Medellín y el regreso
“Terminé bachillerato en el año 68 y me fui a Medellín a estudiar sociología en la Universidad Pontificia Bolivariana ¡Ya se imaginarán la reacción de mis padres cuando les dije que quería estudiar eso! Si todavía muchos no saben de qué se trata eso, antes menos. Por Getsemaní quise estudiar sociología, por mí recorridos dentro del barrio. Pero ahí se cortó la vida cotidiana. Y entonces por eso digo que la vida de Getsemaní se vuelve un estilo de vida porque cuando regresaba de vacaciones seguía haciendo las mismas cosas que se hacían antes. Igualito”.
“De Medellín regresé con mi esposo, Raúl, en el año 76. Entonces me empiezo a dar cuenta que la ciudad cambió. ¿Dónde está el Ángeles Somos que yo disfrutaba de niña, dónde está la fiesta de noviembre que yo conocía? Muchas cosas del patrimonio inmaterial y cultural habían cambiado. También había mucho expendio de droga, prostitución, negocios de microtráfico, atracos, delitos. Había mucho temor sobre eso. Claro, regresé siendo socióloga y con Raúl empezamos analizar qué pasó”.
La conexión Habana
“Mi primer viaje a La Habana fue ya casada, viviendo en Getsemaní. Fui invitada por el gobierno cubano en el 81. Yo había hecho una experiencia educativa de un preescolar alejado de sistema educativo tradicional y me invitaron a contarselas”.

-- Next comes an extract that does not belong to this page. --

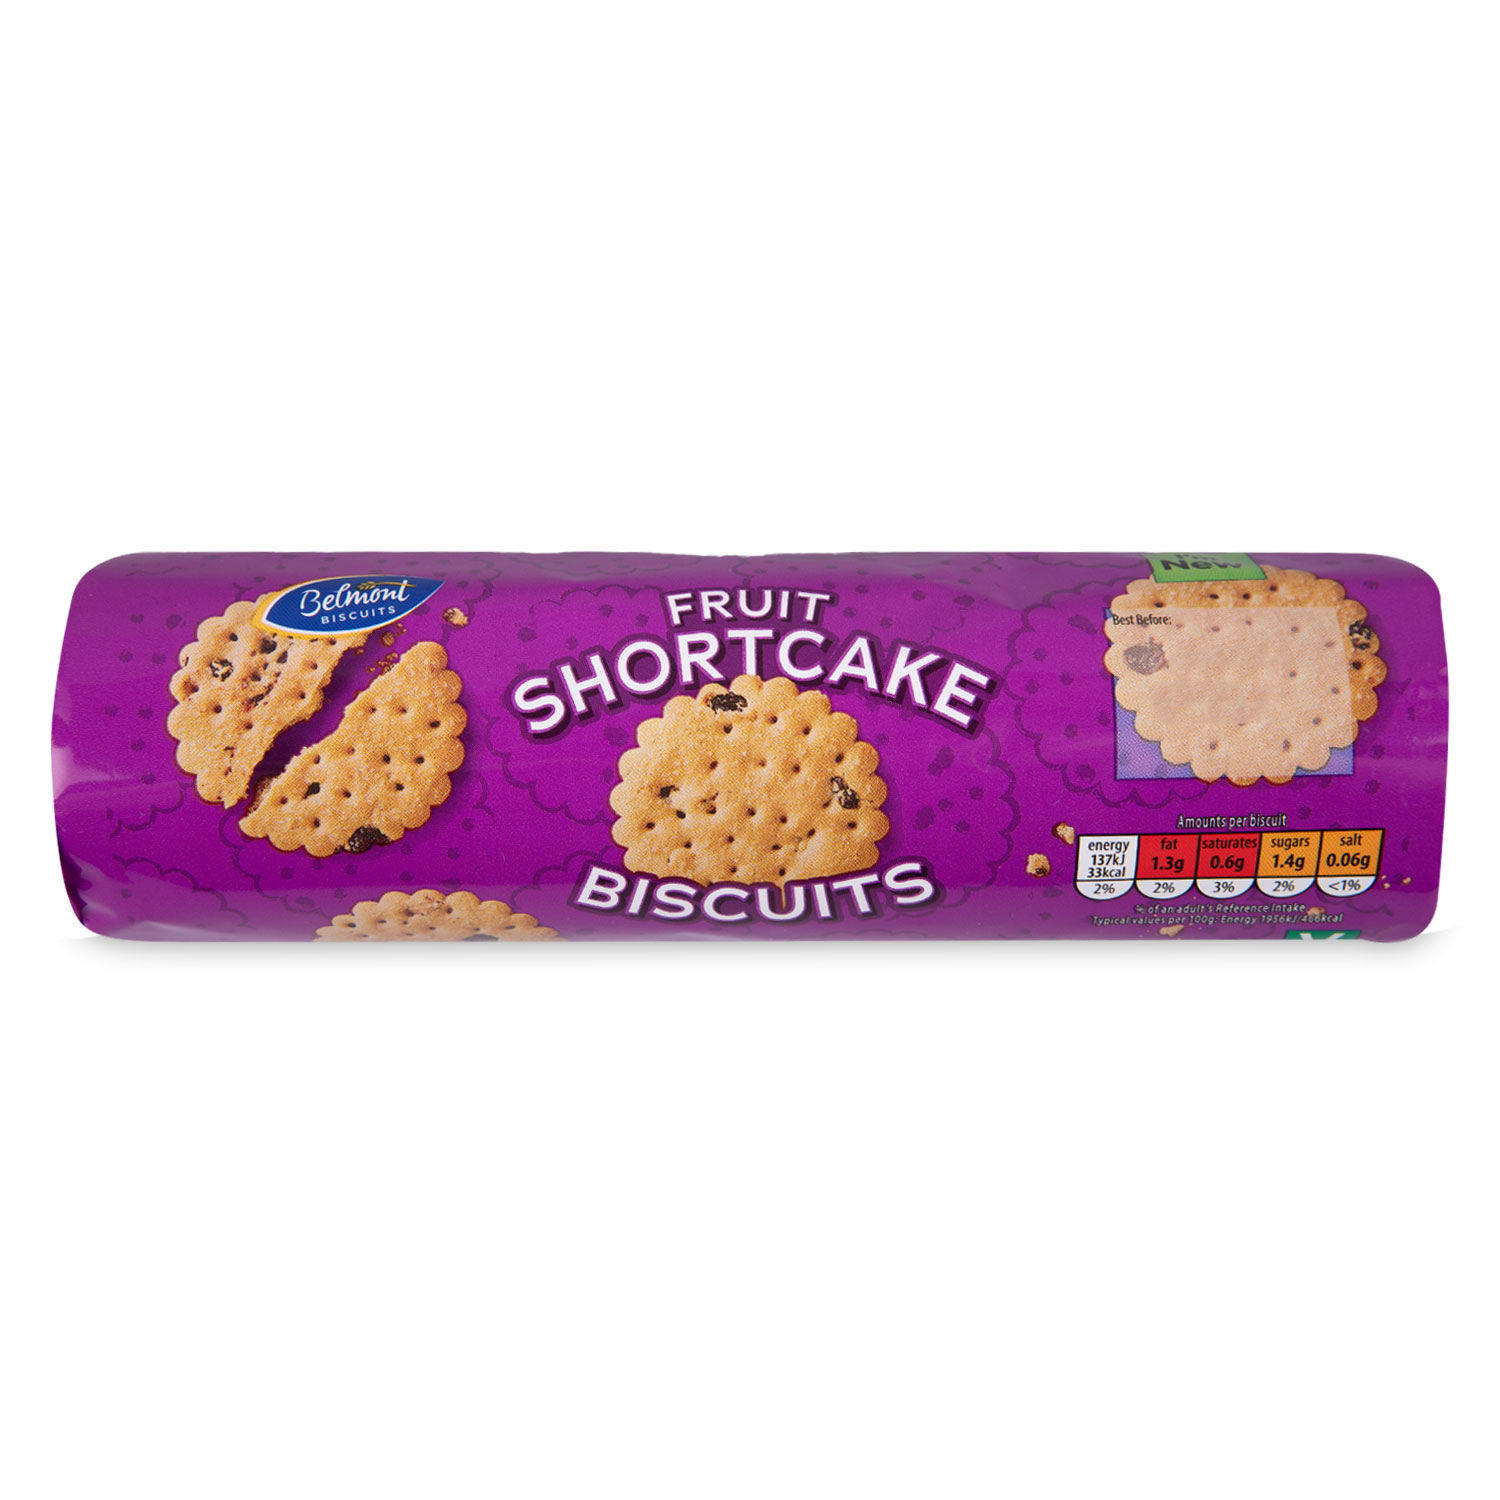 Belmont Fruit Shortcake Biscuits 200g

“Como fui invitada conocí muchas cosas: ir a la escuela de pioneros, a otras poblaciones, comer comidas de la misma Habana porque yo no estaba de turista. Lo que logré ver es que Getsemaní y La Habana son muy parecidos, incluso en las cosmogonías mágico-religiosas, en la forma de pensar. Por ejemplo, esa misma devoción que vi cuando rescatamos el cuadro de las ánimas del purgatorio, muy sincrética y parecida a muchas devociones que conocí en la Habana.
“Ahora cuando voy al barrio lo reconozco por los olores, por los colores. Todo me retrotrae al Getsemaní que llevo por dentro. Yo me siento en la plaza de la Trinidad o en la casa de Nilda y es como si estuviera en la época en la que viví en el barrio”, dice Rosita.